Галка запивала душистым чаем тягучую сладкую ягоду и просила:
– Деда, а расскажи, как меня из роддома принесли.
– Ой, внучка, ты не представляешь, что тут было. Пришла Зоя из родильного, а ты у неё на руках плачешь-надрываешься. Глазки зажмурила, личико сморщенное, как у маленького старичка. Красная, страшненькая, как все новорожденные. Вася взял тебя и зашептал: «Куколка, а не ребенок. Таких красивых детей ни разу в жизни не видал» А ты словно поняла, что он говорит, сразу притихла и глаза распахнула. Вася, как увидел глазки твои зеленые, так задрожал весь: «Ангел, точно ангел!». Распеленал и давай пальцы на ручках-ножках пересчитывать, да все приговаривал: «Ну, где вы еще видели такие розовые ноготочки, как у моей доченьки, у кого еще есть такие шелковые бровки, как у моей Галочки? А таких прелестных пяточек, уж точно ни у кого нет на всём свете!». Через несколько дней Вася окрестил тебя, чтобы не болела и не сглазил никто. Тайком отнес в церковь. А тогда с этим строго было, не приведи, кто узнает, могли и с работы турнуть. Зое-то он ничего не сказал, чтобы скандала не вышло. А рубашечку-то твою крестильную, я до сих пор храню, запрятана она у меня.
Иногда Галке казалось, что она помнит папин отъезд на фронт, хотя, скорее всего, вообразила себе, после дедовых рассказов, ведь ей тогда не исполнилось и трёх лет. Дело происходило на перроне вокзала, который в тот день выглядел хмурым и тревожным. Кисловодск провожал бойцов на фронт. Отец крепко держал Галку на руках и целовал. Целовал и плакал. И все вокруг плакали. К первому пути подали длинный состав, состоящий из товарных вагонов, с наспех сколоченными деревянными скамейками, вместо окон в досках прорублены отверстия, без стекол. В таких теплушках доставляли бойцов на войну со всей страны. «По вагонам!» – раздалась команда. На перроне началась кутерьма. Вся толпа дрогнула и развалилась, женщины заголосили. Отец опустил Галку и вскочил на подножку, она расплакалась и закричала: «Папа, возьми лялю!» Отец оглянулся, махнул напоследок рукой и исчез в вагоне. Так и унесла эта деревянная теплушка отца навсегда. Несколько месяцев от него не было никаких известий, а потом маме пришло извещение: «Ваш муж Занозин Василий Степанович, уроженец города Кисловодска, в бою за Социалистическую Родину, верный воинской присяге, проявив геройство и мужество был убит в июле 1942 года. Место захоронения не установлено».
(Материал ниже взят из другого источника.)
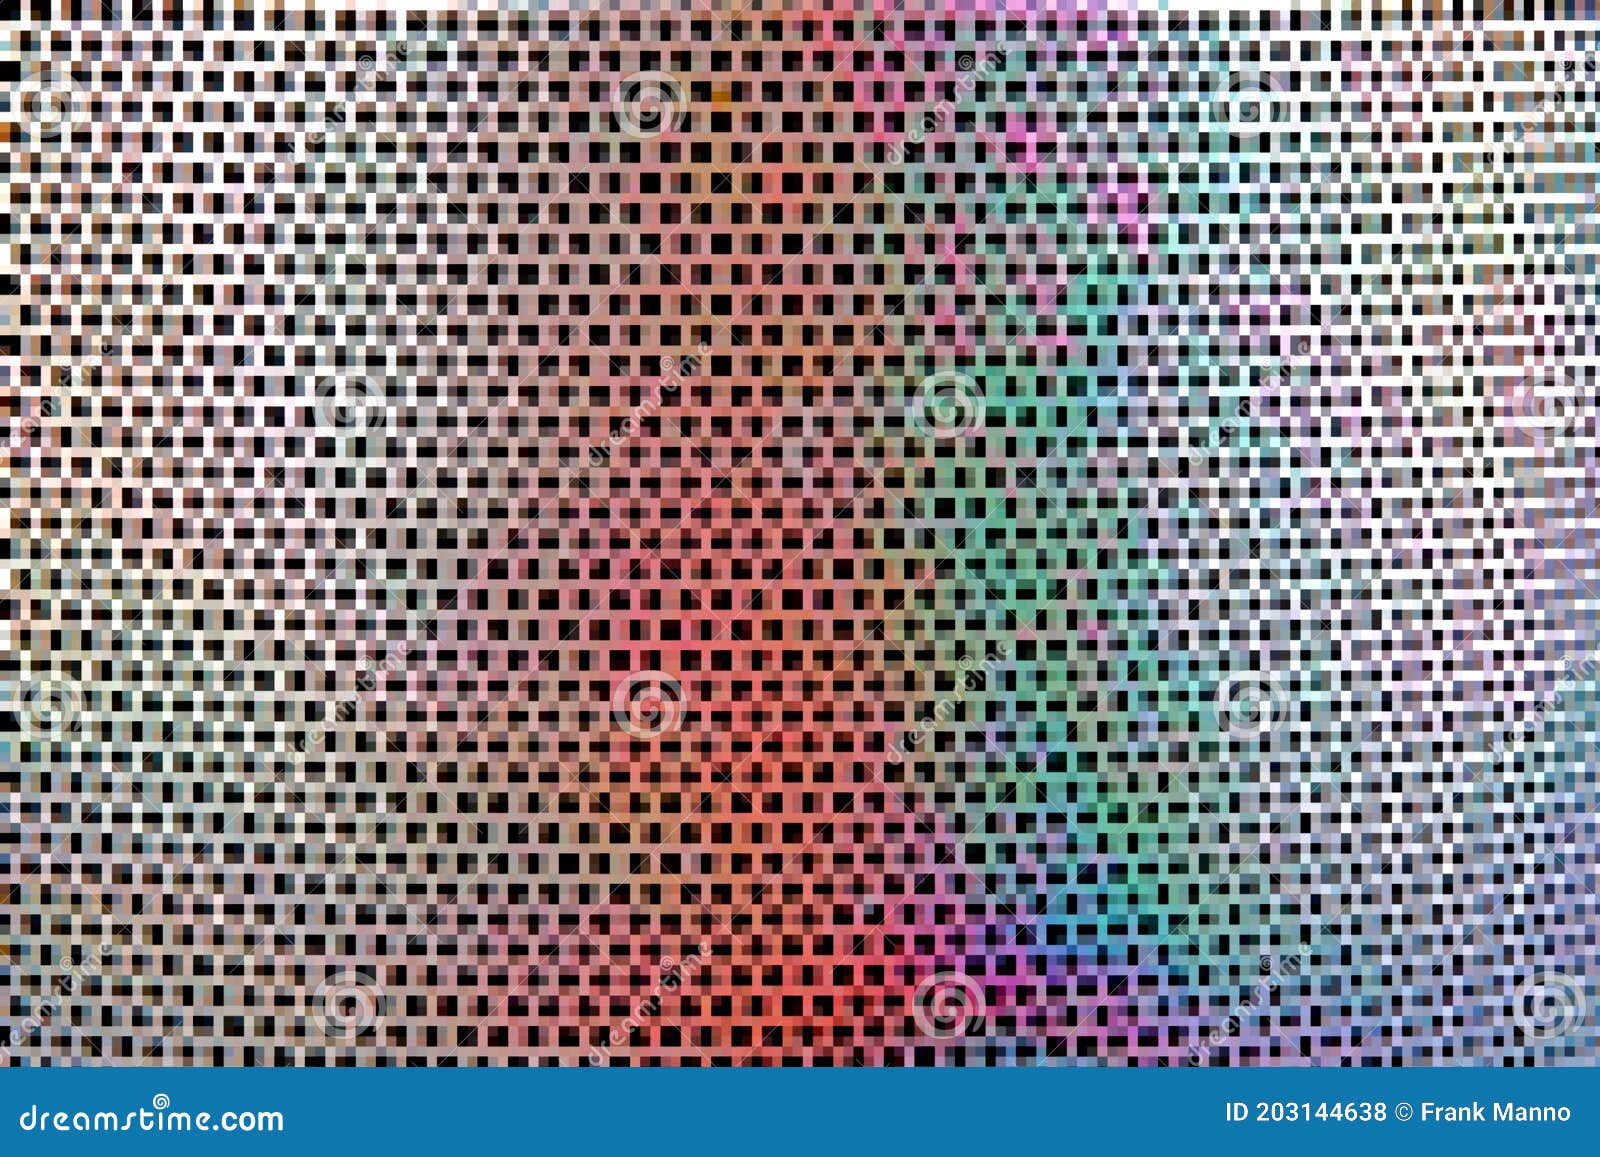 techno pixel background texture screen pattern industrial metal
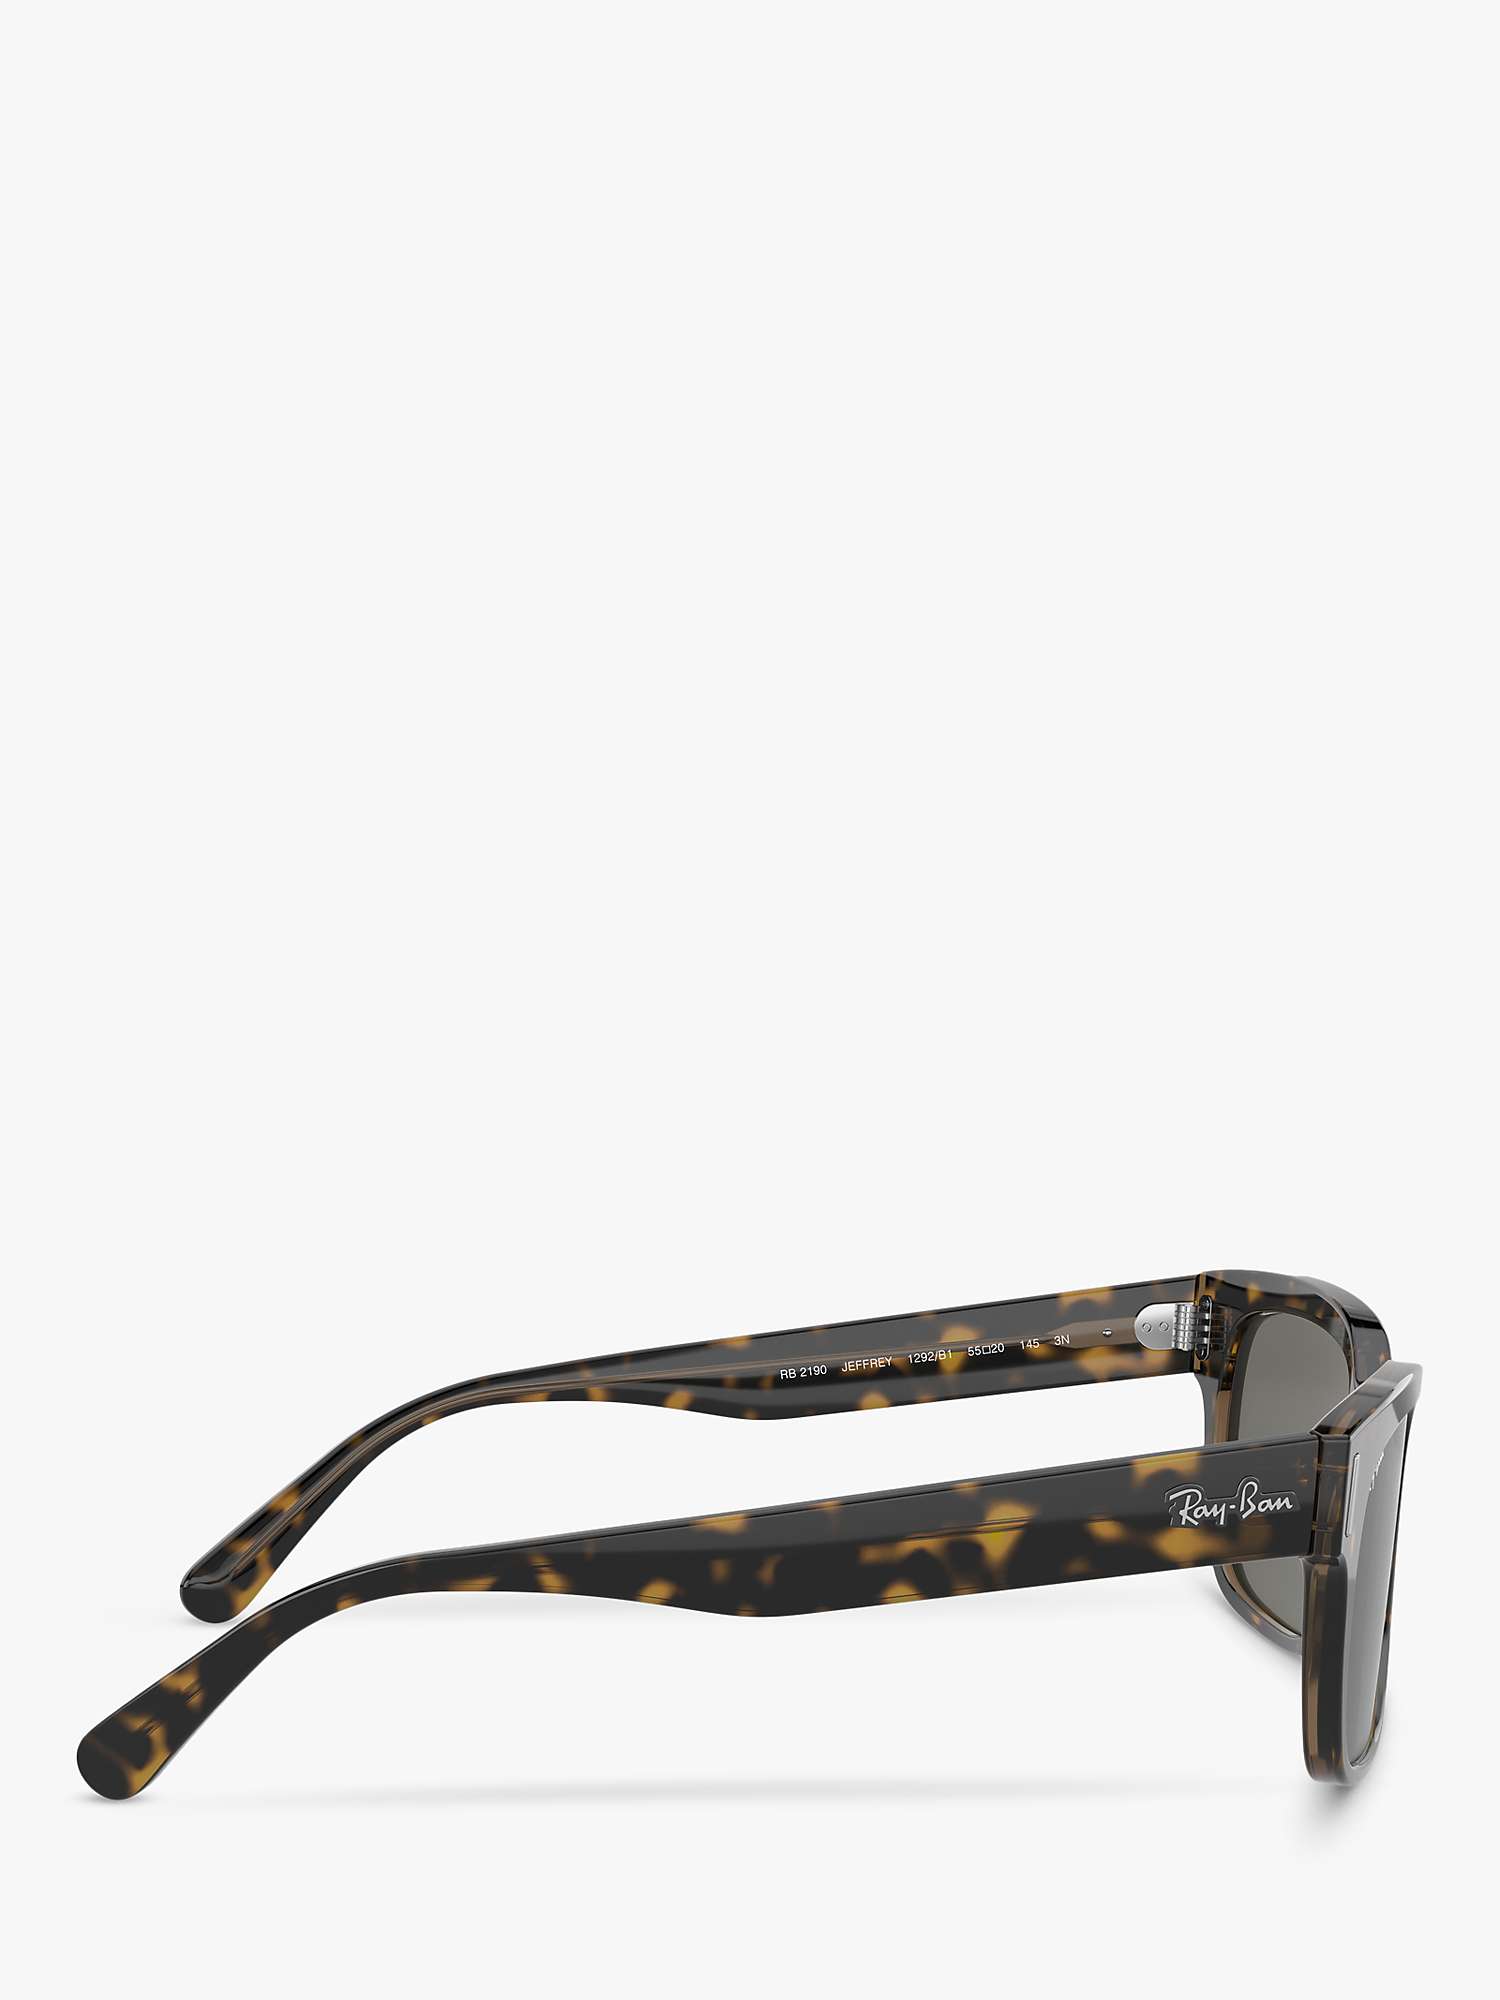 Buy Ray-Ban RB2190 Men's Square Sunglasses, Havana/Black Online at johnlewis.com

Временами дед Игнат хворал и не вставал с кровати. В такие дни он ничего не рассказывал, лишь просил Галку сесть напротив, и долго-долго всматривался в её лицо. Потом тяжело вздыхал, смахивал слезинку и произносил: «Гляжу на тебя, внучка, а будто Васеньку живым вижу». Галка, хоть и не помнила отца совсем, но сердце сжималось.
Когда Галке стукнуло шесть, дед Игнат велел принарядиться, и они отправились в фотоателье, где весь город заказывал семейные портреты. Пухлый мастер с розовой лысиной подтолкнул Галку к зеркалу и велел подготовиться. Галка причесала руками прямые каштановые волосы, обстриженные выше плеч, пригладила непослушную короткую челку на лбу, послюнявила указательный палец и провела им по бровям. После этого взгромоздилась на высокий стул и уставилась в объектив, плотно сжав губы. Въедливый фотограф поворачивал её и так, и эдак, заставлял закидывать руку, неудобно наклонять голову. Галка ёрзала на жестком стуле, не желала улыбаться, с опаской посматривала в чёрную линзу. «Потерпи, Галочка, – уговаривал дед, – поставлю твою фотографию в сервант и буду каждый день любоваться».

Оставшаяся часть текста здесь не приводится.